Blues guitarist Lowell Fulson recorded steadily from 1946 onwards, and performed regularly on the US and European club circuits into the 90s. One of the founding fathers of West Coast blues, Fulson blended the rural blues of his home state Oklahoma, with the modern sounds of urban California. Fulson was raised in Atoka, close to the Texas border, and began his career performing with string bands and backing country blues vocalist Alger ‘Texas’ Alexander in the late 30s.
During World War II he was stationed in Oakland, California, where he met record producer Bob Geddins. Following his discharge from the US Navy, Fulson recorded for several labels under the direction of Geddins, including Big Town, Down Town, Gilt Edge and Trilon.
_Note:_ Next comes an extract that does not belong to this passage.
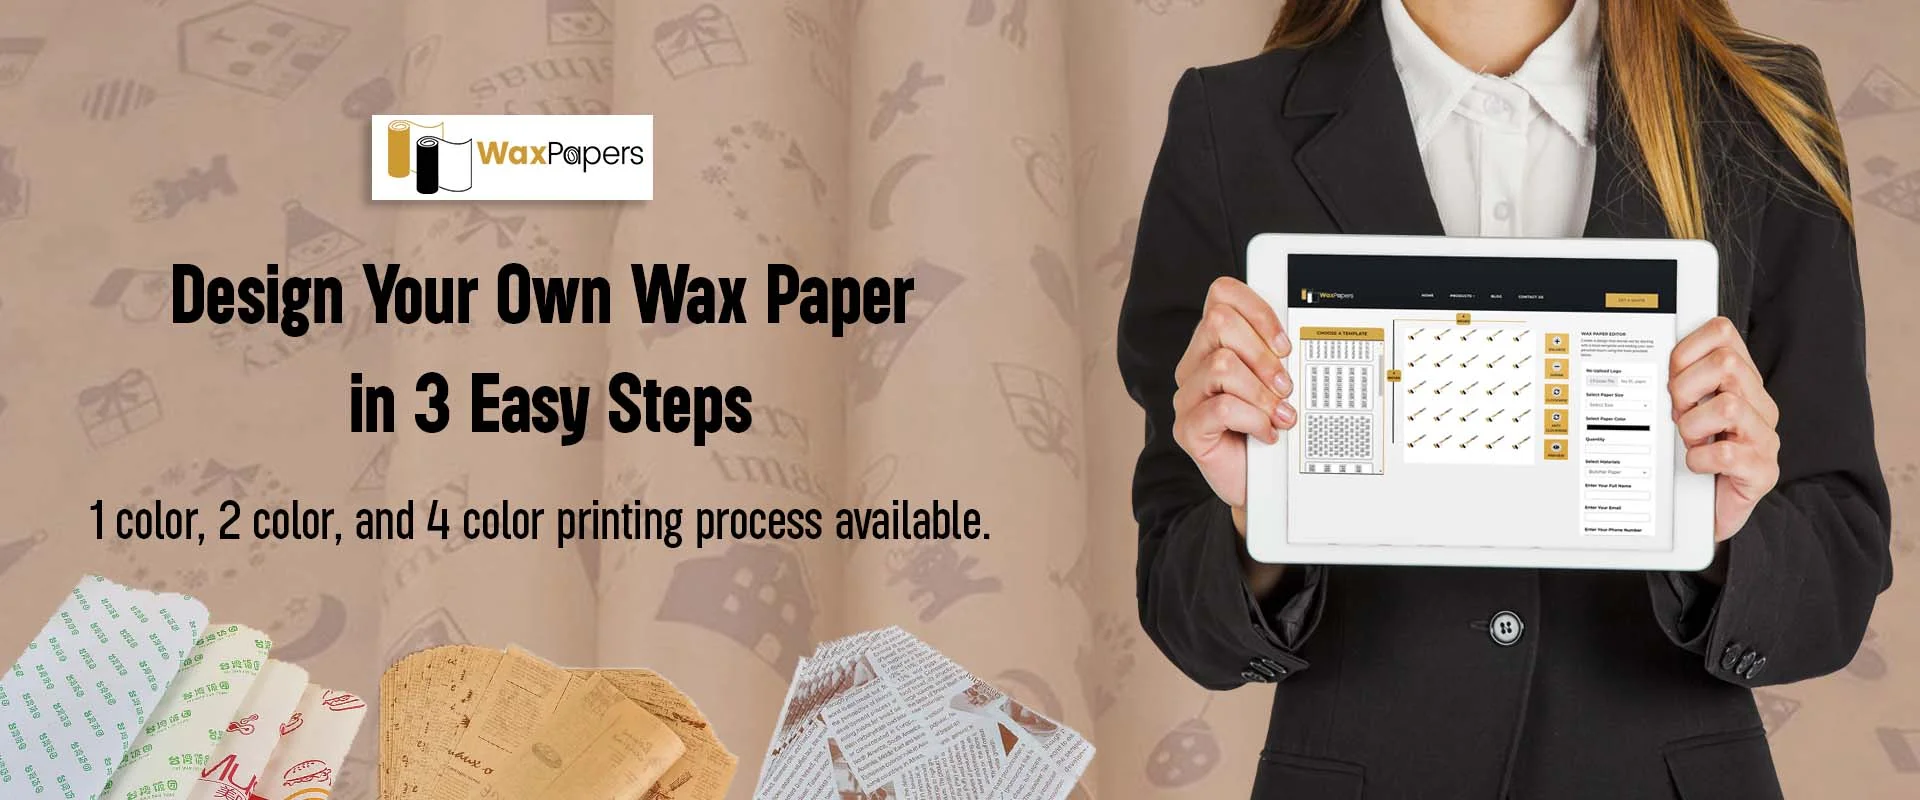 WaxPaper’s Design Online Software

His first hit came in 1950 on the Swing Time label when he reworked Memphis Slim’s ‘Nobody Loves Me’ into ‘Every Day I Have The Blues’. At that time his 12-piece orchestra included a young Ray Charles on piano and tenor saxophonist Stanley Turrentine.
Fulson recorded for Aladdin Records in 1953 and then switched to Checker Records, a subsidiary of Chess Records, the following year. His first side for that company, ‘Reconsider Baby’, was later covered by Elvis Presley and became a blues standard. Fulson stayed with Checker Records into the early 60s and then moved to Kent Records, who changed the spelling of his name. Now recording in a more contemporary and commercial soul-blues vein, Fulson’s biggest hits for Kent were ‘Black Nights’ in 1965 and ‘Tramp’ a year later. The latter song, co-written with Jimmy McCracklin, was later a duet hit for Otis Redding and Carla Thomas.